Heuristics $h(n)$ is an estimate of how close a state $n$ is to the goal state.
A heuristic is admissible if $h(n) \leq h^*(n)$
- $h^*(n)$ is the true cost of node $n$ to goal state
- An admissible heuristic never overestimate
- Intuition - straight line distance can never be greater than actual road distance
A heuristic is consistent if $h(n) \leq c(n, a, n’) + h(n’)$
- $h(n)$ = estimated distance from node $n$ to goal state $G$
- $h(n’)$ = estimated distance from node $n’$ to goal state $G$
- $c(n,a,n’)$ = cost of getting from node $n$ to node $n’$
- Intuition - triangle inequality
- All consistent heuristics are admissible, but not all admissible heuristics are consistent
A heuristic $h_2$ dominates another heuristic $h_1$ if $h_2(n) \geq h_1(n)$
- Provided that both heuristics are admissible
- A dominant heuristic has the potential to explore less branches
How to design heuristics
- We want the heuristic to be as close to the true cost as possible
- Admissible heuristics can be derived from the exact solution cost of a relaxed problem (e.g. assuming direct paths)

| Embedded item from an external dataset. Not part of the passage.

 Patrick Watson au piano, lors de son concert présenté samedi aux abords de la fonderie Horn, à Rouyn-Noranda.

- Example of heuristics for 8-puzzle
- Number of misplaced tiles
- Total Manhattan distance
- Sub problems (e.g. imagine that there is only 1,2,3,4 in the grid we have to restore their position without removing them from the board)
Applications of A* search
- Path finding problem
- Video games
- Resource planning problems
- Robot motion planning
Constraint Satisfaction Problems
Compared to standard search problems, CSPs are more interested in the goal rather than the sequence of actions (path)
Definition
- State
- Defined by variables $X_i$ that can take on values from domain $D_i$
- Goal Test
- A set of constraint $C_i$ specifying allowable combinations of values for subsets of variables
- The goal state is an unknown that is to be determined
Formulation
- Variables
- Domains
- Constraints
- Constraint graph (derived from constraints)

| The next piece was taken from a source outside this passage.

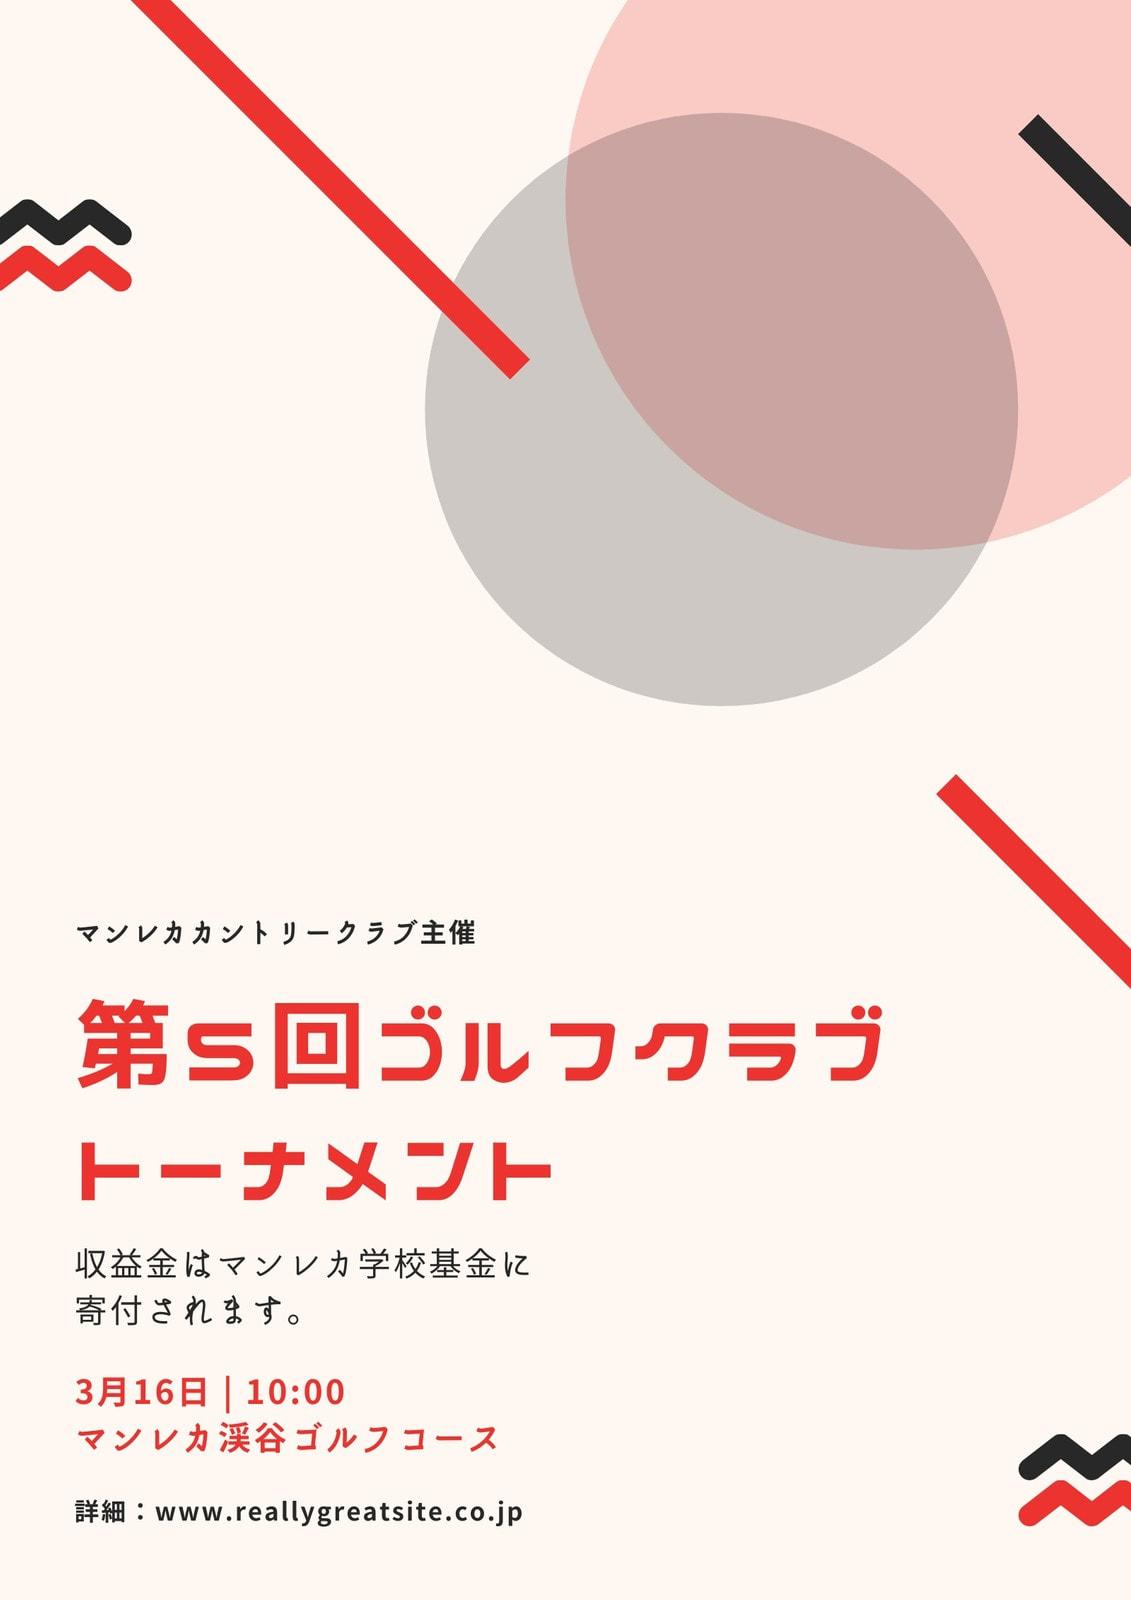 赤と黒、モダンランダム・図形、ゴルフ、ポスター

- Each variable is represented as a circle
- Each constraint is represented as a square connecting to the relevant variables
CSP Solution
- A complete assignment is where every variable is assigned a value
- A consistent assignment does not violate any constraint
- A CSP solution is a complete and consistent assignment for all variables
Advantages of CSPs
- Formal representation of language that can be used to formalize many problem types
- Ability to use a general-purpose solver, which are generally more efficient that standard search
- Constraints allow us to focus the search to valid branches
- Branches that violate constraints are removed
Varities of CSP problems
- Variables
- Discrete variables
- Finite domain
- Infinite domain (all integers)
- Continuous variables (real number)
- Constraints
- Unary constraints - involve only a single variable
- Binary constraints - involve a pair of variables
- Higher-order constraints - involve three or more variables
- Preference (soft contraints) - makes the problem a constrained optimisation problem
CSPs as standard search problem
- Formulation
- Initial state - an empty assignment
- Successor function - assign a value to an unassigned variable
- Path cost - a constant cost for each step
- Goal test - the current assignment is complete and consistent
- The solution will appear at depth $n$ for $n$ variables
- There are potentially $n! d^n$ leaves in the search tree
- $d$ is the size of the domain for the variable
- Depth 1 has a branching factor of $nd$
- Depth 2 has a branching factor of $(n-1)d$
- …
- Depth $n$ has a branching factor of $d$
Backtracking
- Variable assignments are commutative
- It does not matter which order you assign the variables.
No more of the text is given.